Gromia is a genus of protists, closely related to foraminifera, which inhabit marine and freshwater environments. It is the only genus of the family Gromiidae. Gromia are ameboid, producing filose pseudopodia that extend out from the cell's proteinaceous test through a gap enclosed by the cell's oral capsule. The test, a shell made up of protein that encloses the cytoplasm, is made up of several layers of membrane, which resemble honeycombs in shape – a defining character of this genus.

Gromia were first discovered in shallow waters, with members of the best-characterized species Gromia oviformus often found inhabiting rock surfaces, sediments, or seaweed holdfasts. However, research from the 1990s and early 2000s identified gromiids inhabiting depths up to 4,392 m, leading to several new deep-sea Gromia species being described and recognized.

A recent study of the deep-sea species Gromia sphaerica revealed that it produces traces on the seafloor which resemble fossil traces formerly attributed to early Bilateria (animals with bilateral symmetry); this now calls into question whether such fossil traces are reliable as documentation of early multicellular animal diversification in the Precambrian era.

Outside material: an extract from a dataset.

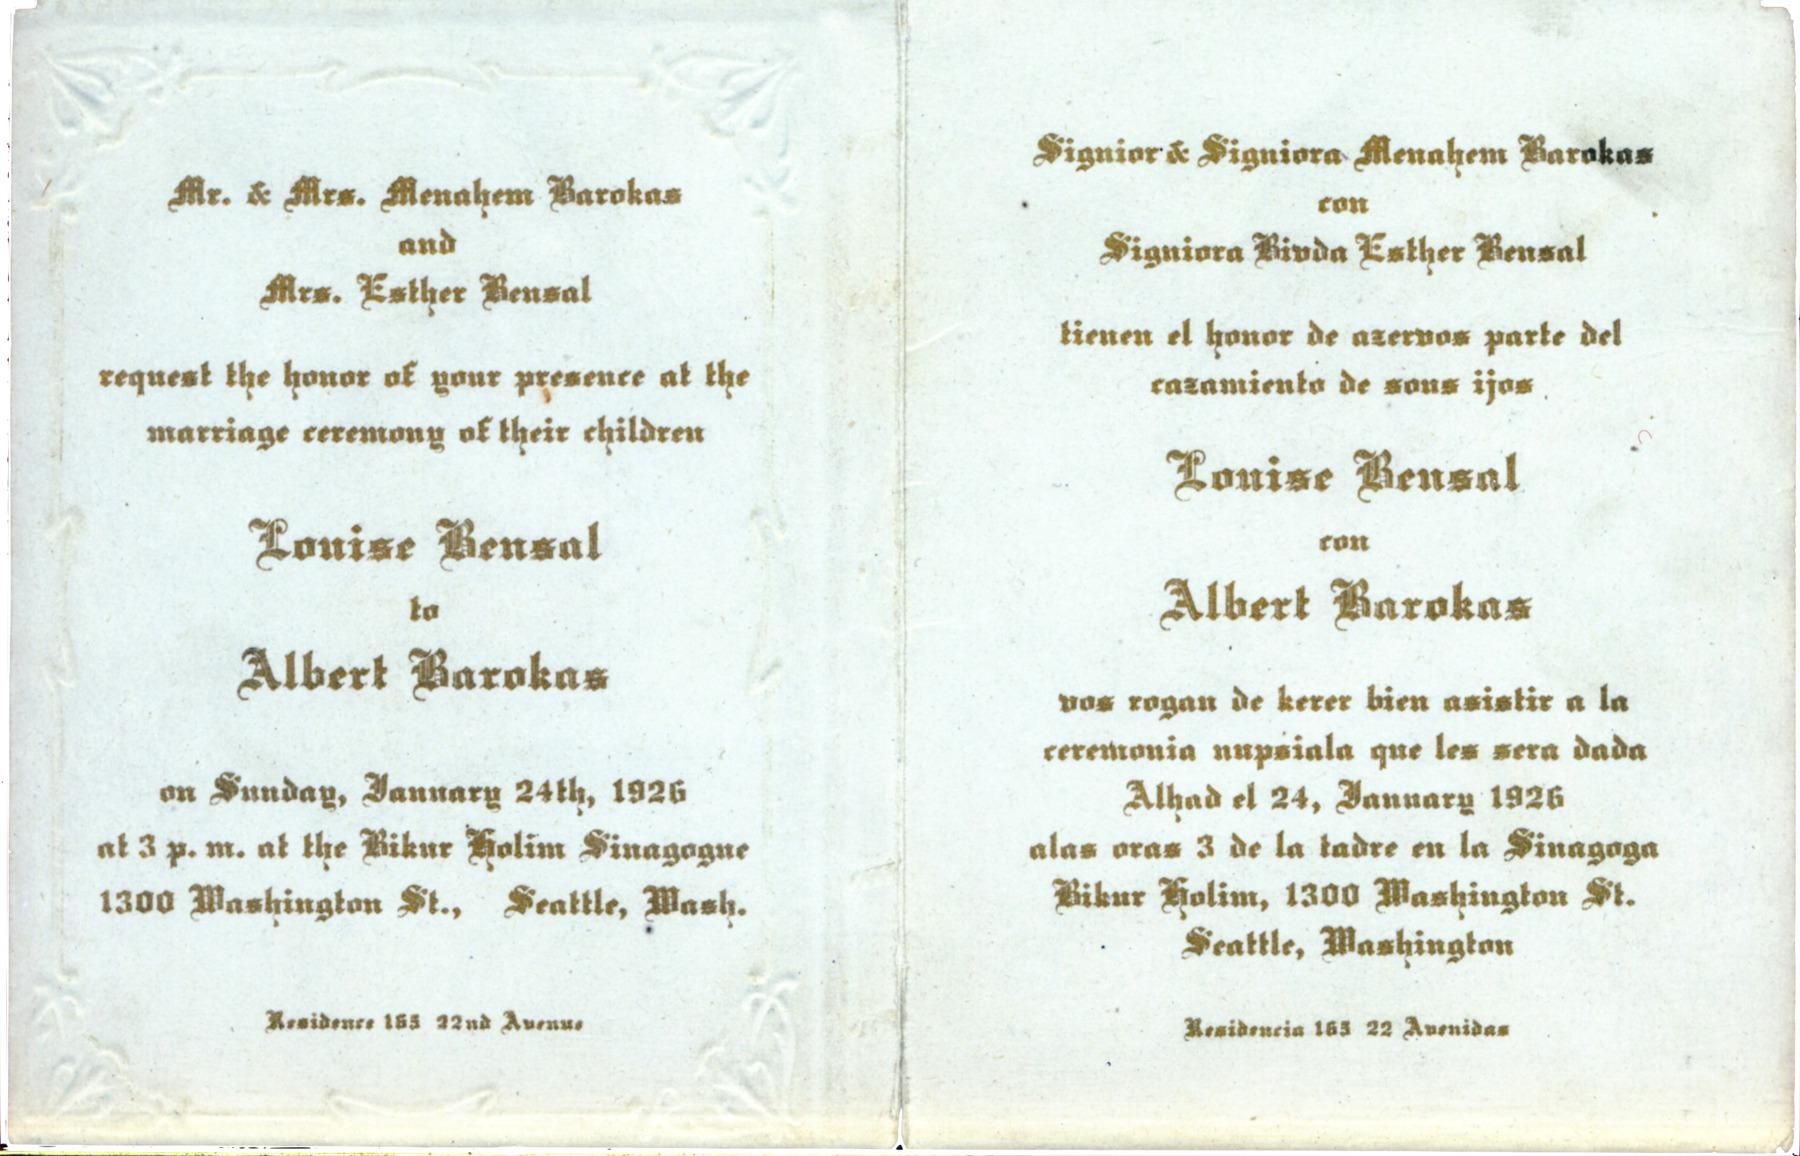 Louise Bensal and Albert Barokas wedding invitation

Deep-sea gromiids have also been shown to be important for carbon cycling and denitrification.

== History of study ==
Gromia were first described in the 1835, with G. oviformis gaining prominence because it was often found in the intertidal zones on the British coast. Initially, Gromia were regarded as members of Foraminifera or Filosea, as noted in a review by Cifelli (1990).

Gromia became better characterized throughout the 1960s, when electron microscopy revealed more details on their morphology, including their honeycomb membranes.

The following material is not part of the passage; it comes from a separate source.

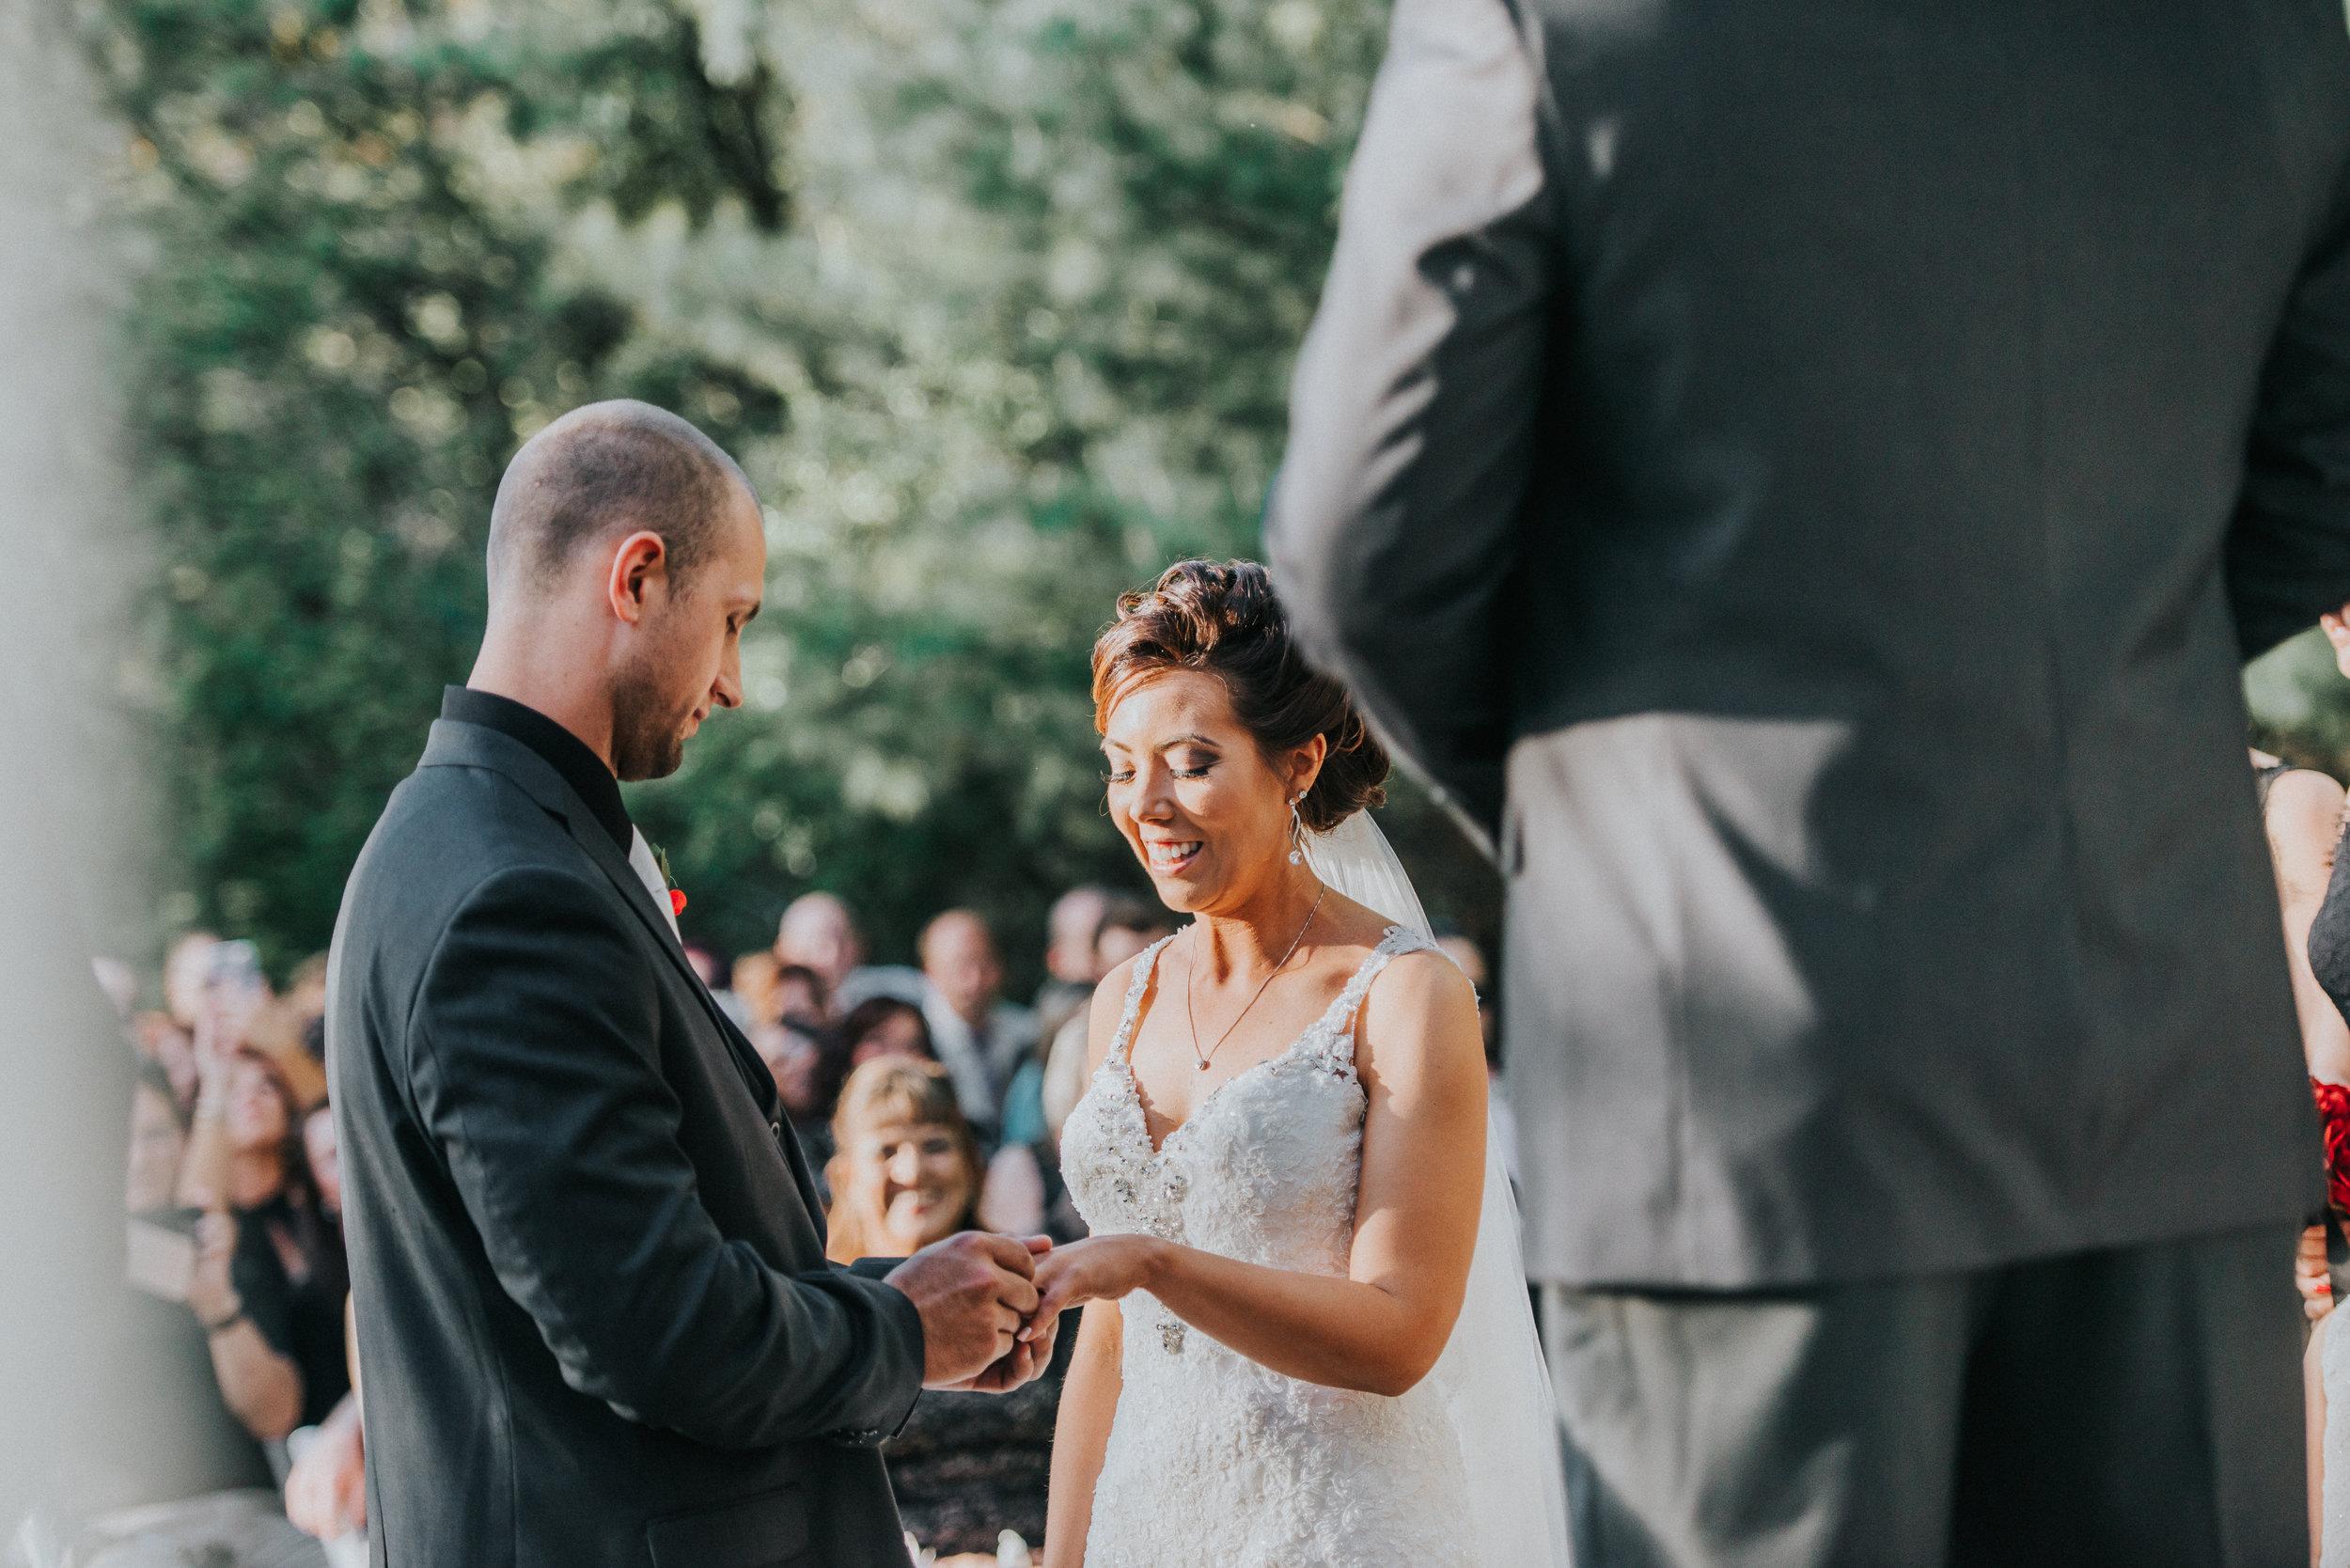 Christina-and-Gene-Wedding-Marla-Rain-Photography-334.jpg

The first molecular studies involving Gromia, which sampled G. oviformis, used small subunit (SSU) ribosomal RNA genes and concluded that Gromia were members of Cercozoa, a large group of amoebae with tests and filose pseudopodia. Follow-up studies on this group placed Gromia within the Gromiidea class, again based on SSU rRNA genes
Eventually, when molecular studies combined data from several genes – actin, polyubiquitin, RNA polymerase II and small subunit rRNA genes – Gromia was shown to be a sister group to Foraminifera. Moreover, within the genus Gromia, studies of the small subunit ribosomal RNA genes of various deep-sea gromiids has revealed species diversity within Gromia, with molecular data tending to correlate with distinct morphologies of the various species’ tests.

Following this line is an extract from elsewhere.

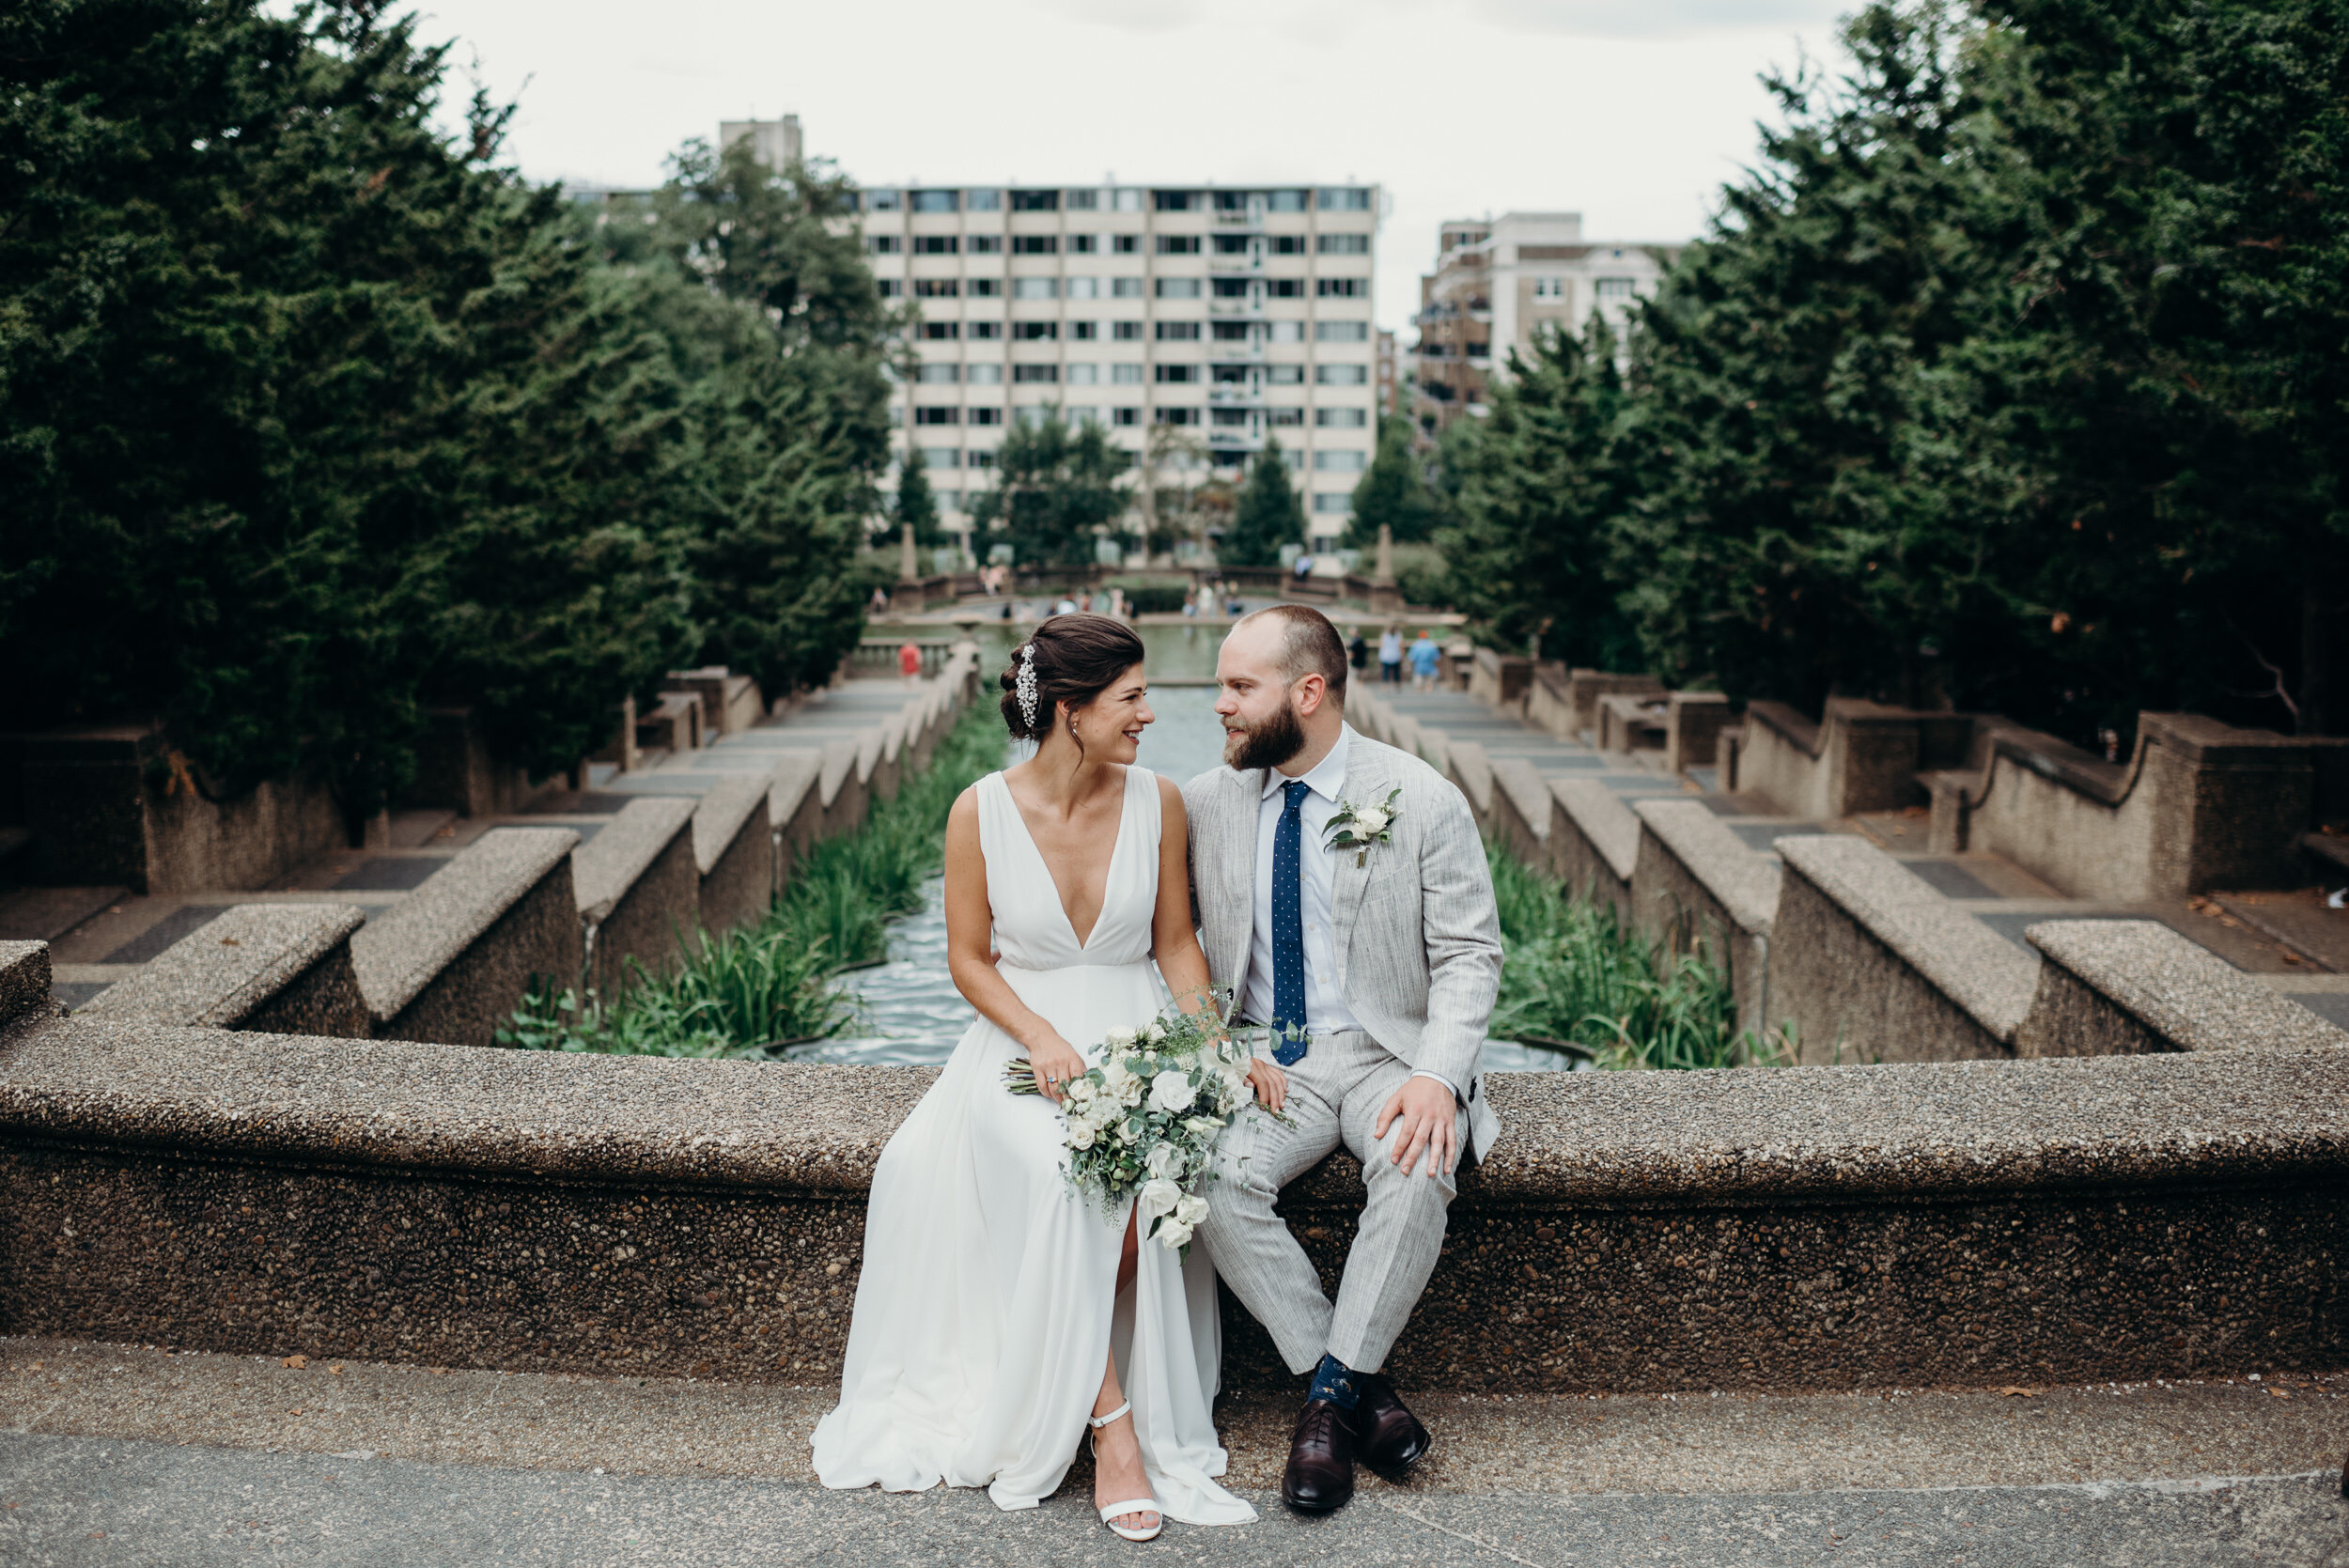 dc-wedding-photographer-the-line-hotel-megan-graham

Gromia were long thought to only inhabit shallow waters, until samples from the Arabian Sea from depths below 1,000 m revealed the first deep-sea gromiid – Gromia sphaerica. Additional species of deep-sea Gromia protists were later described in waters from the Arabian sea, the European Arctic sea, and off the coast of Antarctica, among other locations, and characterized both morphologically and through molecular studies of their small subunit rRNA genes.

== Habitat and ecology ==
Gromiids inhabit sediments or surfaces of flora in both shallow waters and the deep sea. The best characterized species of shallow-water Gromia is G. oviformis. It inhabits intertidal zones and other regions of shallow waters; it is often found attached to rocks, kelp, weeds, Cladophora algae, or within sediments. G. oviformis has been shown to tolerate a temperature range of 0–30 °C.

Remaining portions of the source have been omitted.